More Demand North And South
Further south in Mexico, progress on the first phase of Sempra Infrastructure’s Energía Costa Azul (ECA) is on track for a start up by mid-2025. The 3 mmty project was previously expected to be the first in a chain of terminals in Mexico boosting the draw of Permian Basin gas south of the border.
However, New Fortress Energy Inc.’s (NFE) Altamira LNG, also in Mexico, has added a wild card to the outlook. The market has been watching for cargoes to depart the offshore installation on Mexico’s east coast since March. Delays with installation and a late April malfunction with the cold box pushed the schedule back several months.
On June 14, NFE confirmed it had made progress on pre-commissioning activities and expected first production within two weeks. The first exported cargo is slated for July. The first phase consists of two trains, each with 1.4 mmty of capacity, hoisted on jack-up rigs.
The floating LNG units, and successive phases planned onshore, are to be supplied feed gas by the marketing arm of Mexico’s Comisión Federal de Electricidad (CFE), CFEnergía, from the Agua Dulce Hub in South Texas via the Valley Crossing pipeline. CFE transports volumes on the Sur de Texas-Tuxpan pipeline.
Also adding to the upside are reports that start-up activities at LNG Canada in British Columbia may start by the end of the year. The 2 Bcf/d capacity facility was previously expected to come online in mid-2025, but commissioning may begin later this year, according to joint venture partner Shell plc.
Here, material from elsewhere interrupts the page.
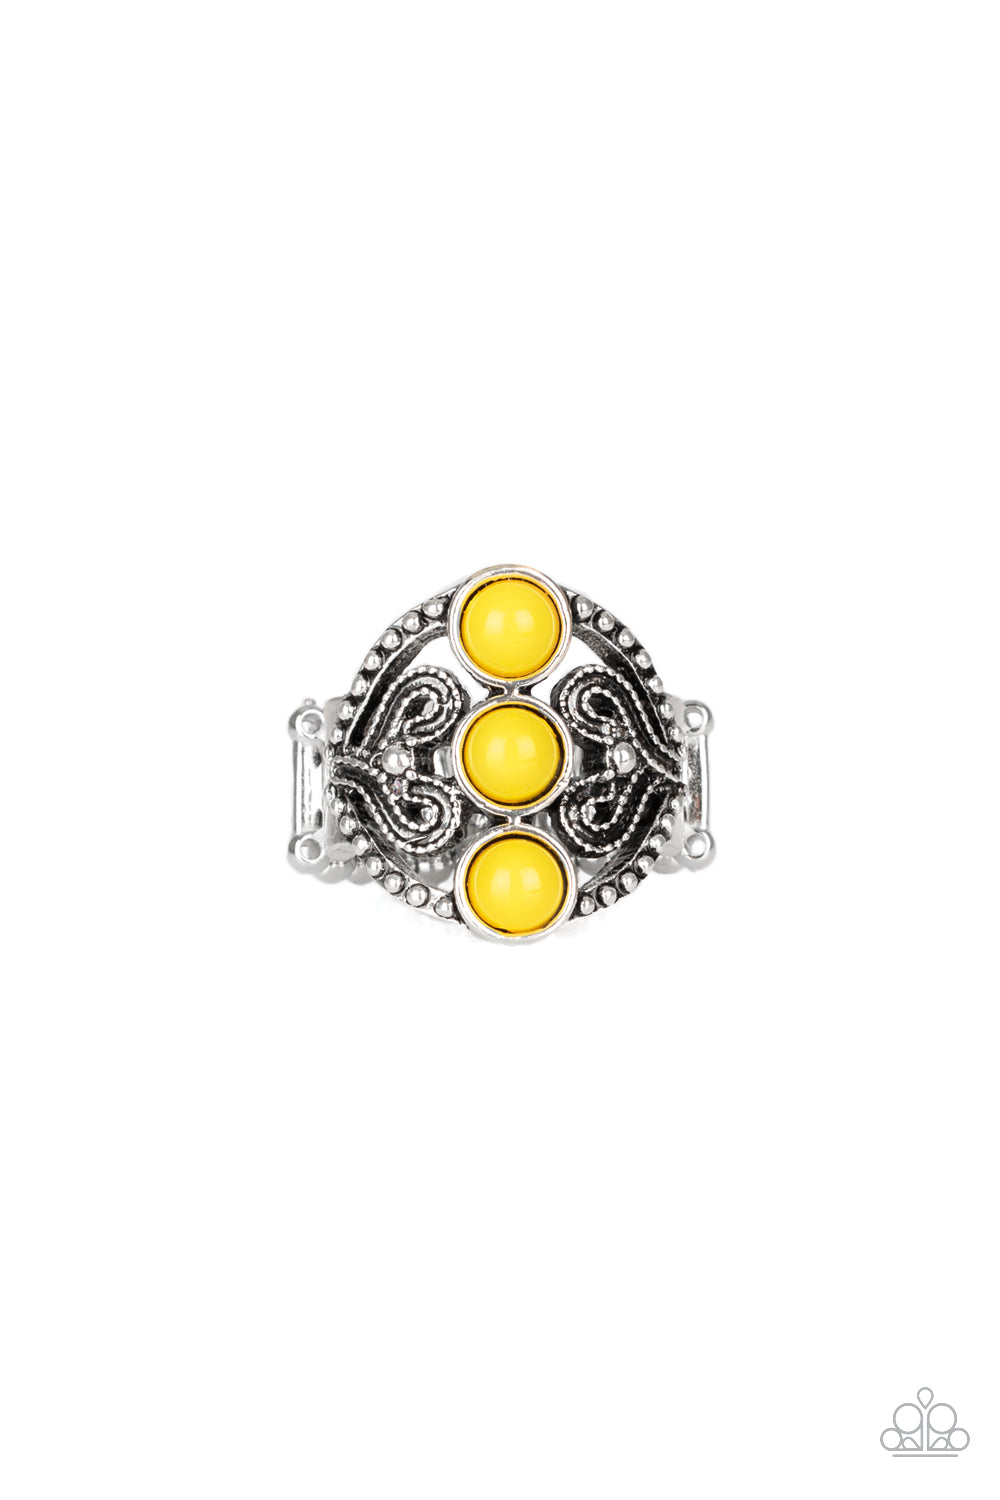 Triple Whammy - Yellow Paparazzi Jewelry 1651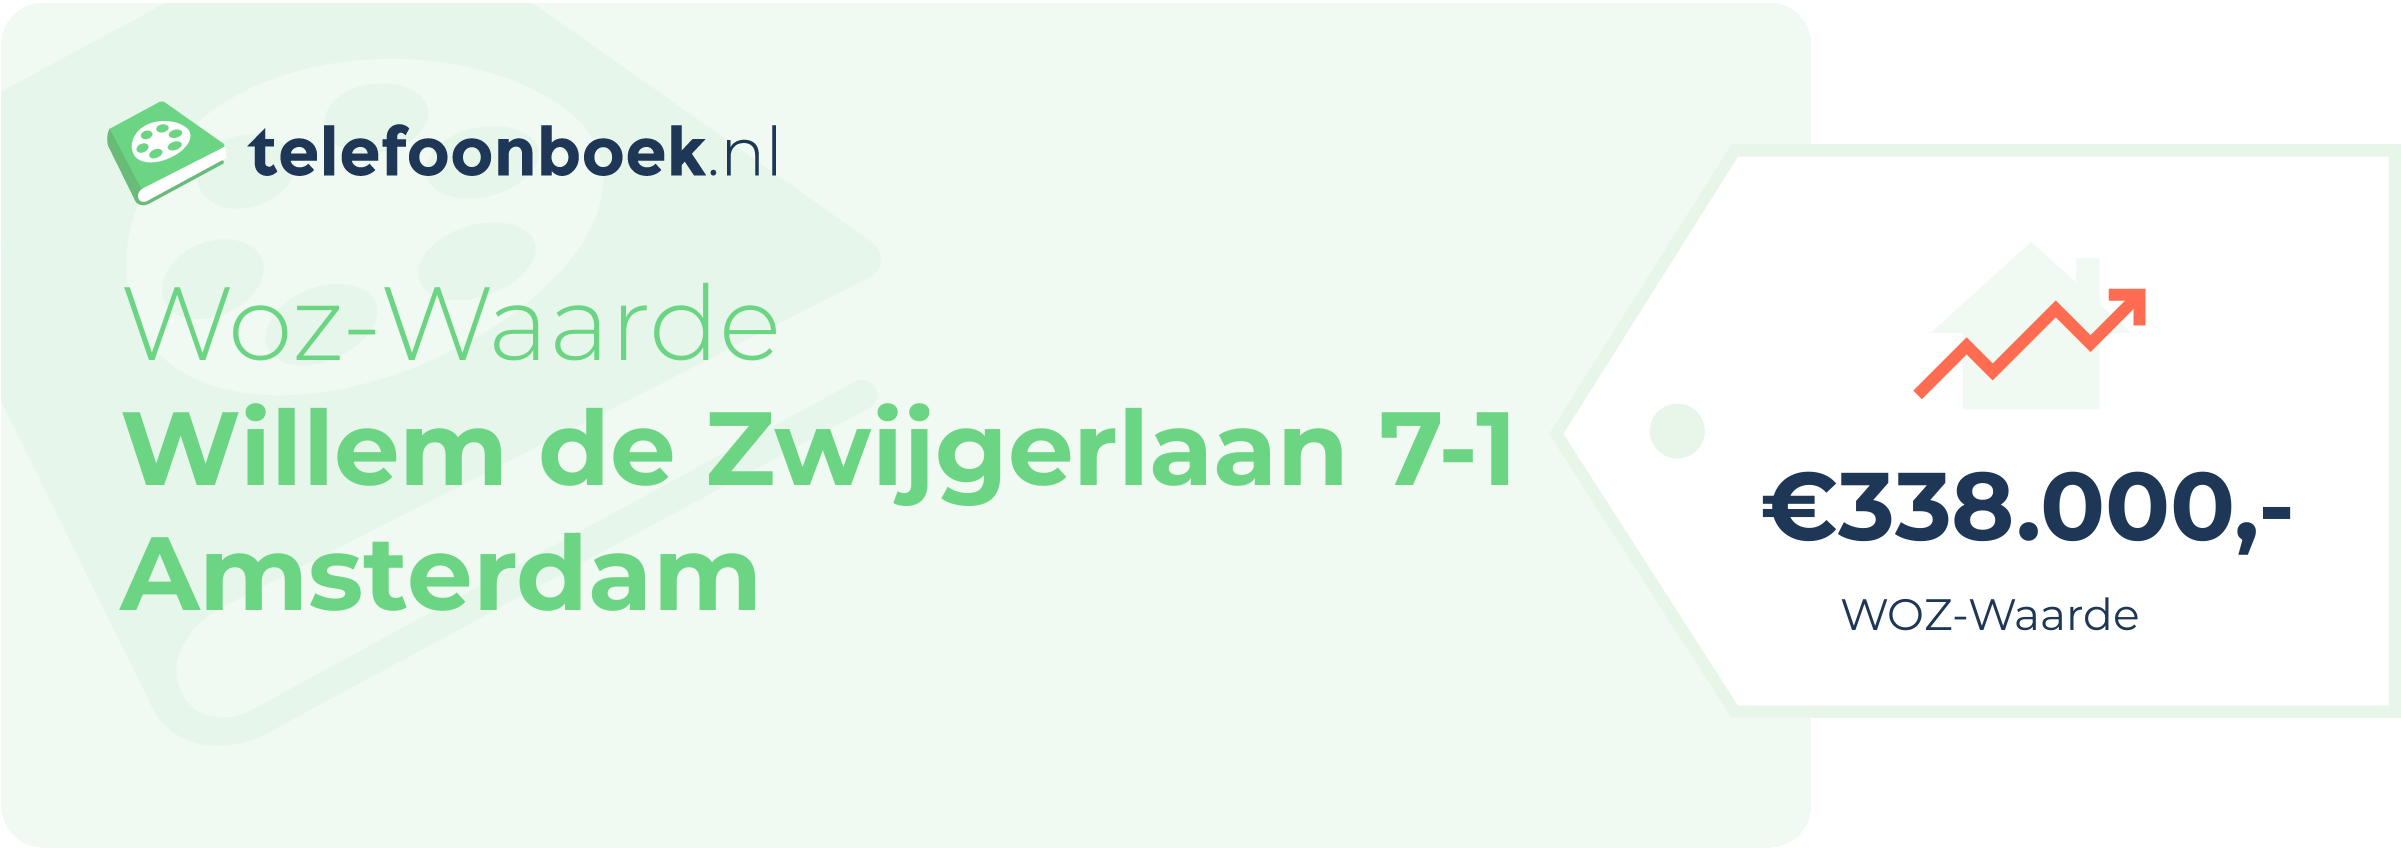 WOZ-waarde Willem De Zwijgerlaan 7-1 Amsterdam

LNG Canada’s output, which could account for 11% of Canada’s current gas production at full capacity, has the potential to spike prices in the western United States. Large gas utilities including Northern California’s Pacific Gas & Electric Corp. (PG&E), could lose Canadian supply to LNG exports.
PG&E may “look to source more gas from the Rockies, given the favorable spreads to PG&E Citygate from Opal versus the SoCal Border,” Rau noted recently. “Perhaps this would help breathe some new life into Ruby Pipeline LLC, which Tallgrass Energy Partners bought out of bankruptcy in January 2023.”